DataSheet_3_Transcriptional re-programming of insulin B-chain epitope-specific T-follicular helper cells into anti-diabetogenic T-regulatory type-1 cells.xlsx

Systemic delivery of nanoparticles (NPs) coated with mono-specific autoimmune disease-relevant peptide-major histocompatibility complex class II (pMHCII) molecules can resolve organ inflammation in various disease models in a disease-specific manner without impairing normal immunity. These compounds invariably trigger the formation and systemic expansion of cognate pMHCII-specific T-regulatory type 1 (TR1) cells. By focusing on type 1 diabetes (T1D)-relevant pMHCII-NP types that display an epitope from the insulin B-chain bound to the same MHCII molecule (IAg7) on three different registers, we show that pMHCII-NP-induced TR1 cells invariably co-exist with cognate T-Follicular Helper (TFH)-like cells of quasi-identical clonotypic composition and are oligoclonal, yet transcriptionally homogeneous. Furthermore, these three different TR1 specificities have similar diabetes reversal properties in vivo despite being uniquely reactive against the peptide MHCII-binding register displayed on the NPs. Thus, pMHCII-NP treatment using nanomedicines displaying different epitope specificities results in the simultaneous differentiation of multiple antigen-specific TFH-like cell clones into TR1-like cells that inherit the fine antigenic specificity of their precursors while acquiring a defined transcriptional immunoregulatory program.
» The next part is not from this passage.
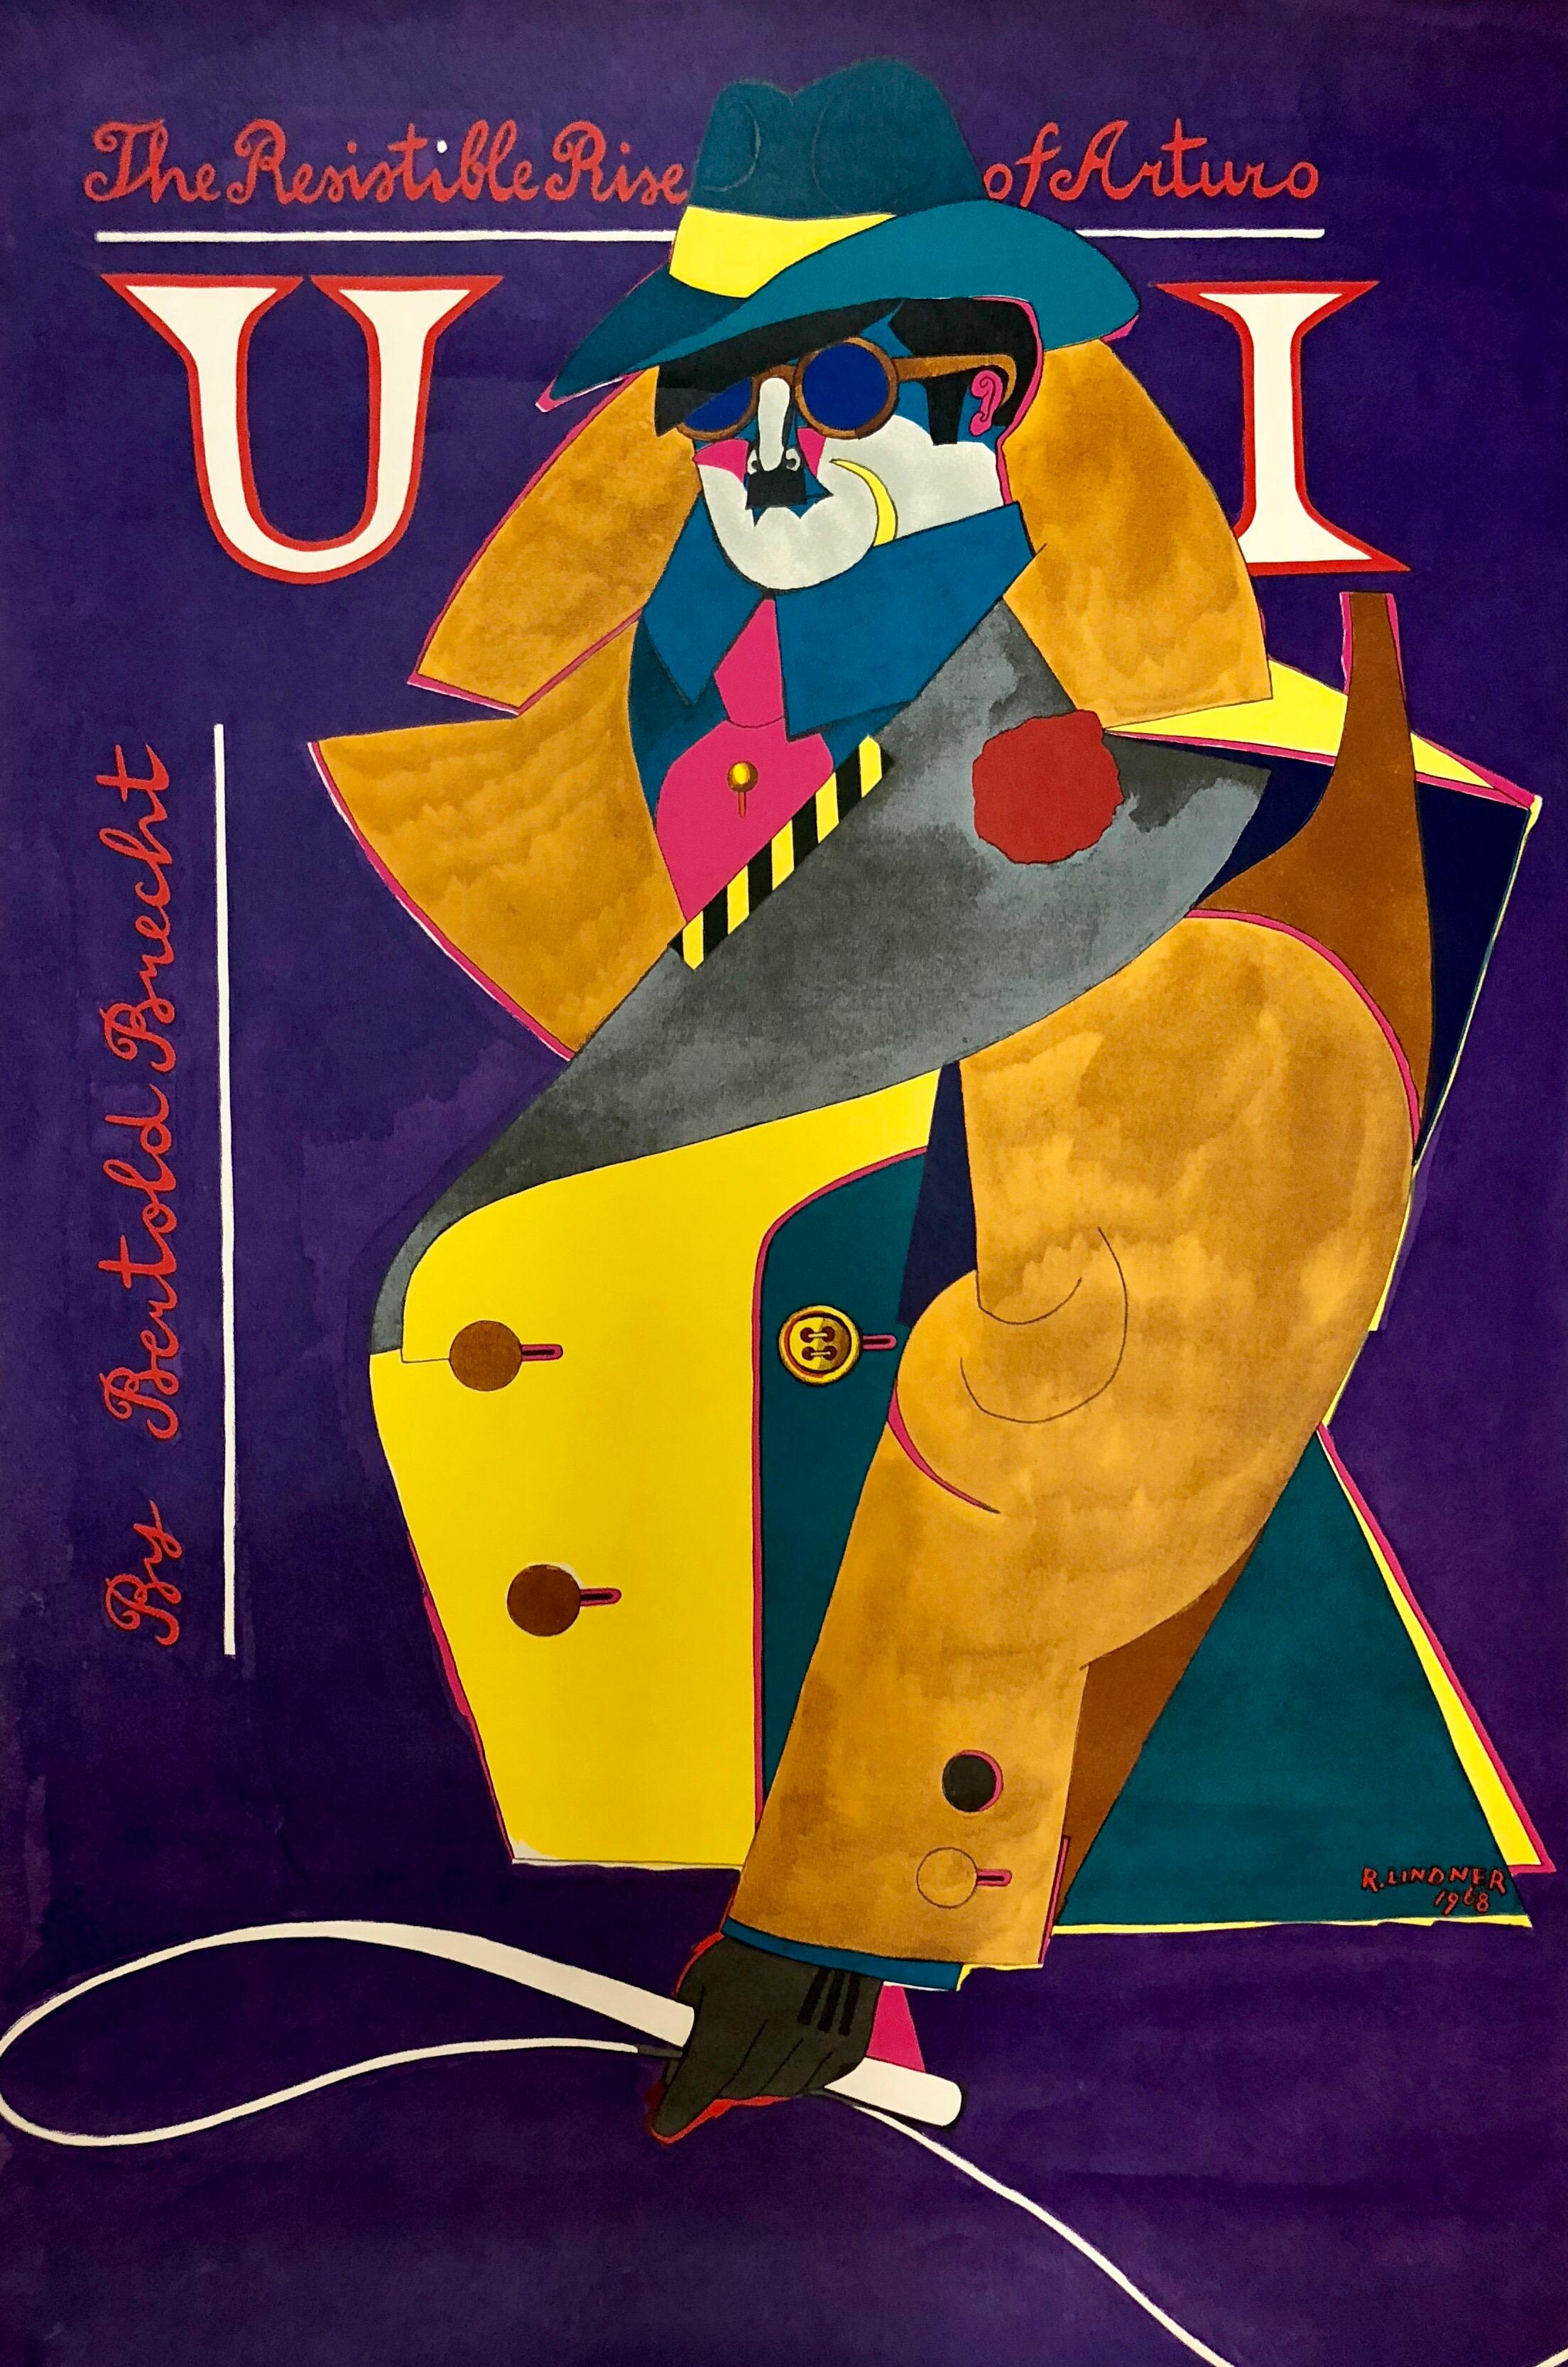 Offset Lithograph Poster Resistible Rise of Arturo, Bertold Brecht 1968 Pop Art

以单一特异性自身免疫疾病相关肽-主要组织相容性复合体II类（peptide-major histocompatibility complex class II, pMHCII）分子包被的纳米颗粒（nanoparticles, NPs）经系统给药后，可在不损害正常免疫功能的前提下，以疾病特异性方式缓解多种疾病模型中的器官炎症。此类制剂始终可触发同源pMHCII特异性1型调节性T细胞（T-regulatory type 1, TR1）的形成与全身性扩增。本研究聚焦于1型糖尿病（type 1 diabetes, T1D）相关的pMHCII-NP制剂：此类制剂展示了以三种不同结合取向结合于同一MHCII分子（IAg7）的胰岛素B链表位。研究结果显示，pMHCII-NP诱导产生的TR1细胞始终与克隆型组成近乎一致的同源滤泡辅助性T细胞（T-Follicular Helper, TFH）样细胞共存，且这些TR1细胞呈寡克隆状态，但转录组特征均一。此外，尽管这三种不同的TR1细胞特异性仅分别识别纳米颗粒上展示的对应pMHCII结合取向，它们在体内均展现出相似的糖尿病逆转效果。综上，使用展示不同表位特异性纳米药物开展的pMHCII-NP治疗，可同时将多种抗原特异性TFH样细胞克隆分化为TR1样细胞；此类子代细胞既继承了前体细胞精细的抗原识别特异性，又获得了一套明确的转录组免疫调节程序。